The Virginia Bioinformatics Institute, the Virginia Tech Corporate Research Center and the recently opened Virginia Tech Carilion School of Medicine and Research Institute are some of the magnets drawing professionals to the region. They’re attracted not only by challenging work and good salaries, but also by the area’s mountains, forests, rivers, lakes and trails. The region’s increasing emphasis on its natural assets, in fact, has helped to spawn a growing number of “green” companies serving ecology purists and outdoor enthusiasts.
Aric Bopp, executive director of the New River Valley Economic Development Alliance, says the New River Valley has a growing number of high-tech businesses and research operations, and many of the most exciting technologies have a green theme. But Bopp says Giles County is ahead of the curve with its eco-park.
“They are definitely a leader, not only in the New River Valley, but also in the whole state,” Bopp says, adding he doesn’t know of another locality with a mixed-use development park that requires LEED certified construction.
About a third of Giles County is National Forest land, and 34 miles of the New River run through the county. But that stretch of river has been home to some of the commonwealth’s biggest polluters. For decades, heavy industries drove Giles’ economy.
“We’ve kind of changed the direction we’re going,” says County Administrator Chris McKlarney. “We’re looking for high-tech companies.”
A desire to keep Giles green isn’t the only reason for the change in strategy. Giles simply can’t afford the kind of incentives big manufacturers demand. Besides, residents and local officials are leery of depending on big, old-school companies. “You put all your eggs in one basket,” McKlarney says, “That’s great until something happens to the basket.”
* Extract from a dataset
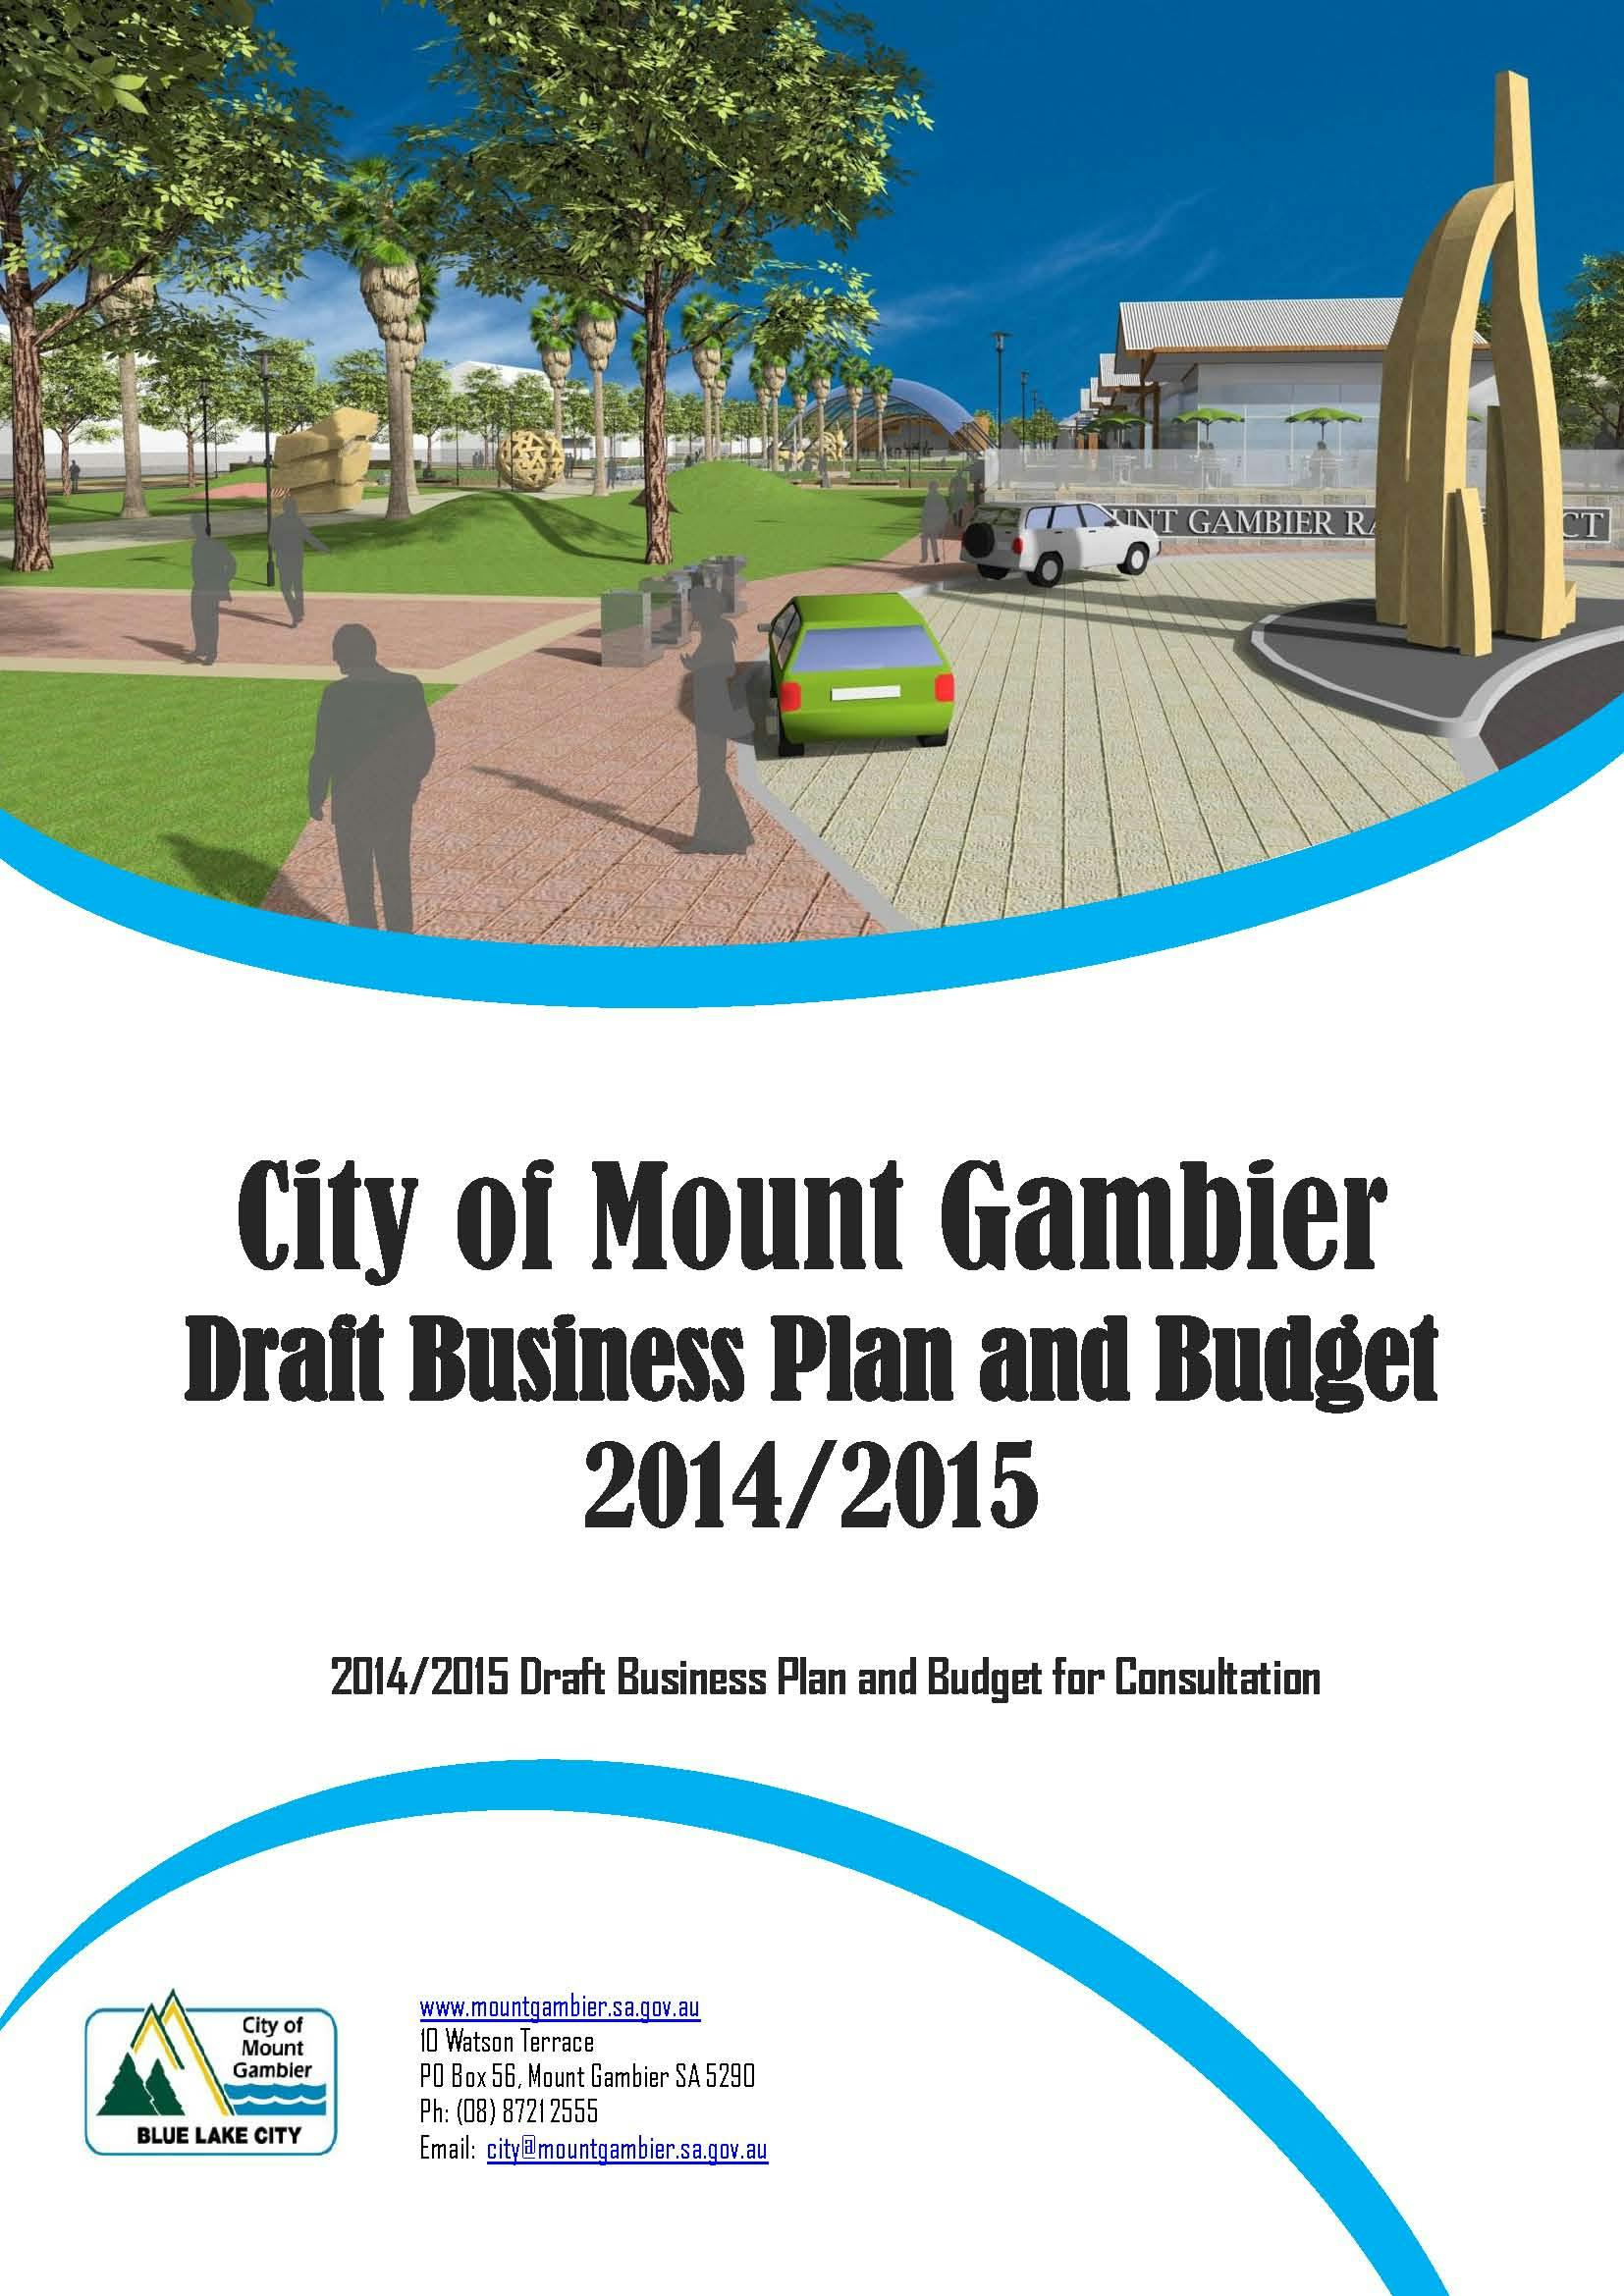 2014/15 Draft Business Plan And Budget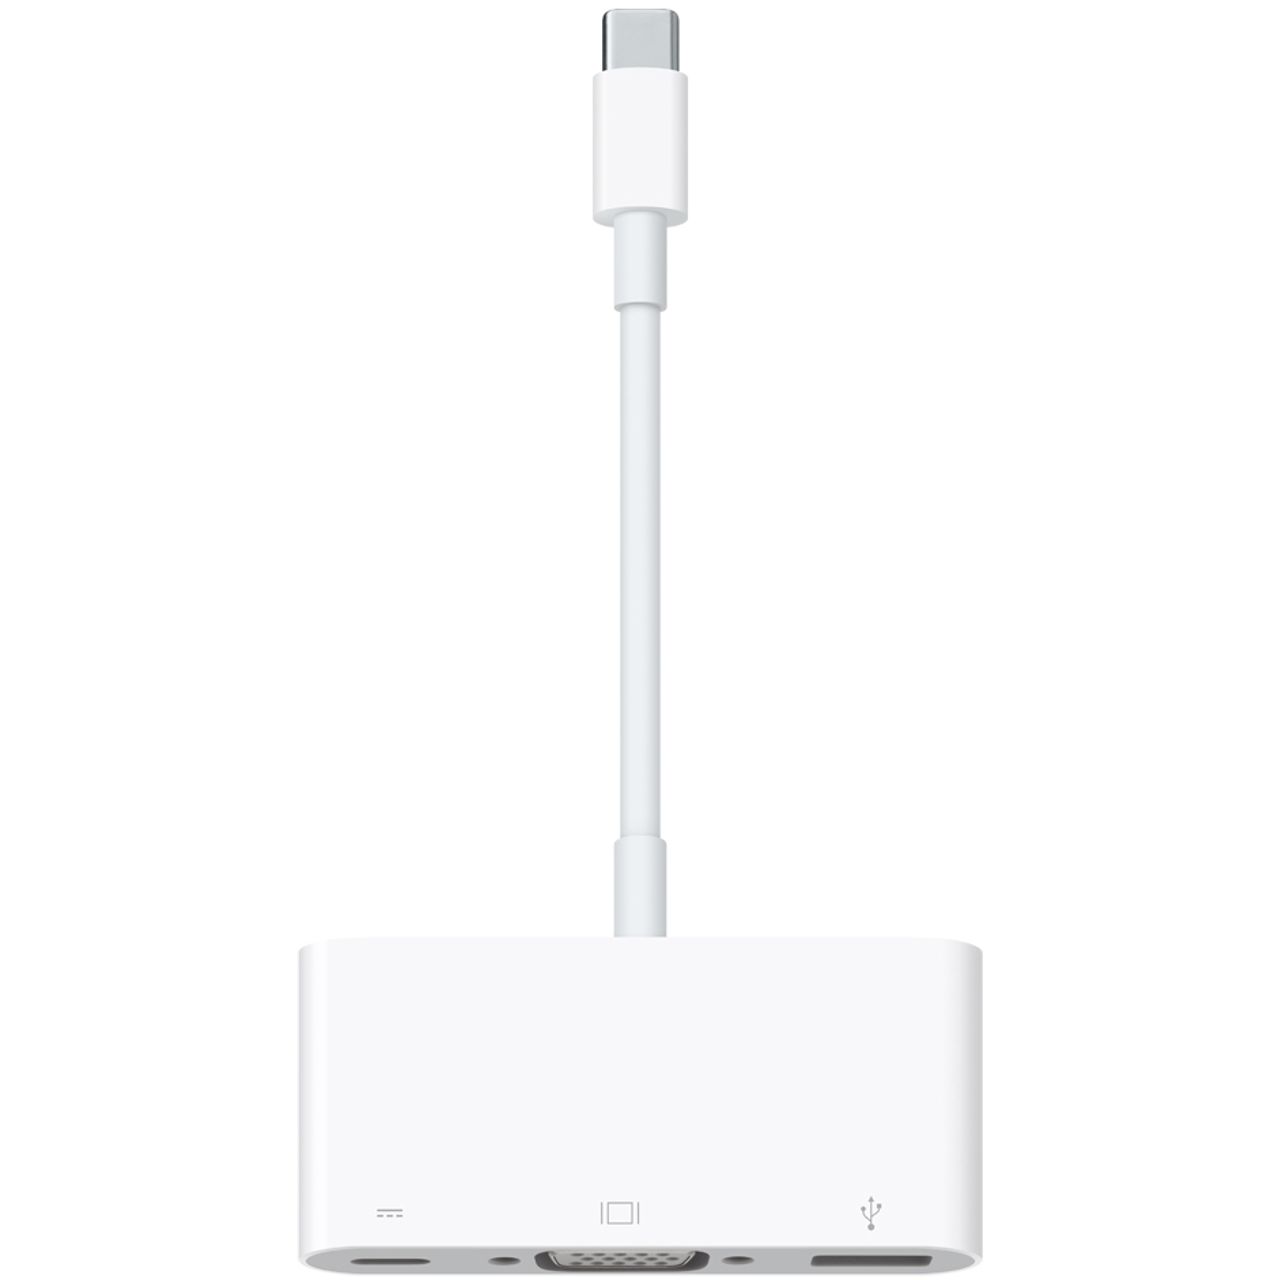 Apple USB-C to VGA Multiport Adapter Review

So the county aims to attract smaller technology companies like NanoSonic, which has 74 employees. “If we don’t do the eco-park, we’re just like every other industrial park in the country,” McKlarney says.
Fortunately Giles is just one mountain away from Tech. “With the type of companies that are on our doorstep there — that come out of Virginia Tech, the Corporate Research Center — we think it’s a good niche for us to be in,” McKlarney says.
In addition to its headquarters at the eco-park, NanoSonic does most of its manufacturing in a 10,000-square-foot-building elsewhere in Giles County that used to house a furniture factory.
Its specialty is nanotechnology, the science of very small things.
“It works out that very small things have properties in a lot of cases that are very different from very big things,” says Claus, the company president.
Many of its products are used in the military, such as protective coatings for ships and airplanes. Last summer, Baranauskas sprayed some of the company’s flame retardant on half of a duplex a local fire department was about to burn in a training exercise. Firefighters built matching fires in each side of the building. Less than an hour later, the uncoated side was almost gone. The coated side was largely intact.
NanoSonic also has contracts with the Department of Energy and NASA. Claus says much of the company’s work concerns energy harvesting, energy saving and coatings that improve energy efficiency. For example, “we’re making something that looks about like a big lobster trap,” he says. “When you sink it in the river, it generates electricity.”
The company also makes material that, when stretched by river currents or tidal motion, turns that power into electricity. On a small scale, it might provide power for an isolated cabin. Deployed on a larger scale, it might be the equivalent of an offshore wind farm.
“You could have an energy source that’s sort of like wind power or something like that,” Claus says, “but out of the way.”
While NanoSonic generates big ideas that use very small building blocks, Giles County hopes the company will also generate the kind of interest that will draw other high-tech companies to the eco-park.